Ad allontanare dal nostro paese gli investimenti  esteri sono soprattutto le notevoli incertezze che gravitano attorno al diritto tributario.  Il basso livello di certezza delle norme tributarie non è sicuramente una novità nel nostro ordinamento ma negli ultimi anni tale livello è cresciuto anche a causa dell’internazionalizzazione e la crescente complessità delle norme che abbracciano anche direttive sovranazionali. Tra i problemi che maggiormente interessano le grandi azioni vi sono:

  • Le operazioni intercompany ( acquisto e vendite tra un’0azienda con sede in Italia ed un’altra sede dello stesso gruppo con base all’estero);
  • Operazioni con paesi black list,  e cioè transazioni con aziende che si trovano in paradisi fiscali, dove i controlli sono molto blandi.
  • Stabile organizzazione occulta, operazioni nelle quali la realtà imprenditoriale è nascosta.
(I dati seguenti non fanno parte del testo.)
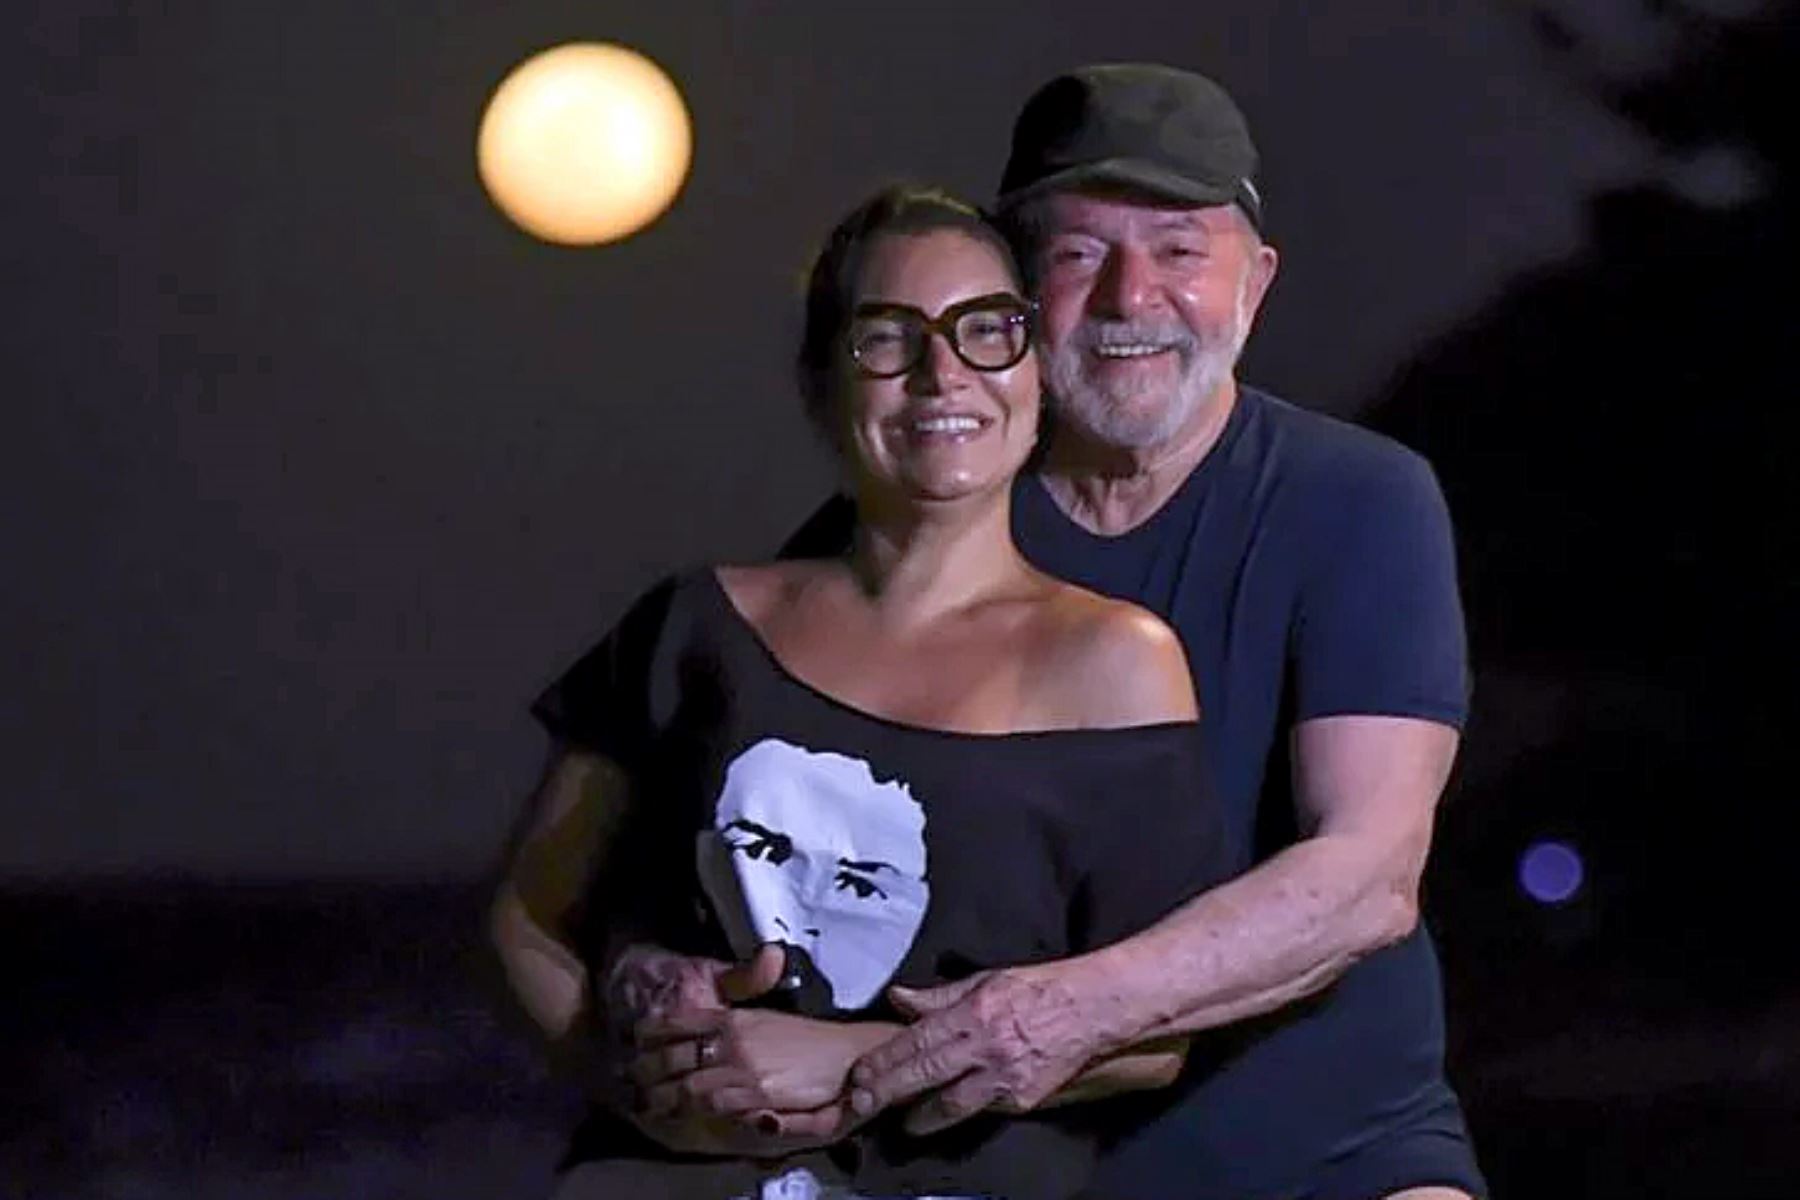 El expresidente de Brasil, Lula da Silva, contrajo matrimonio a pocos meses de las presidenciales donde buscará volver a ser presidente. Foto: Ricardo Stuckert

Inoltre insieme alla contestazione tributaria l’amministrazione finanziaria ha anche il compito di verificare se vi siano risvolti penali, circostanza che si verifica nei primi due casi se la violazione supera i 2 milioni di euro, nel terzo caso anche per poche decine di migliaia di euro visto che trattasi di una variante dell’omessa dichiarazione.

Tuttavia i controlli alle aziende che fatturano oltre 100 milioni di euro pagano visto l’intensificazione dei controlli ed il gettito recuperato.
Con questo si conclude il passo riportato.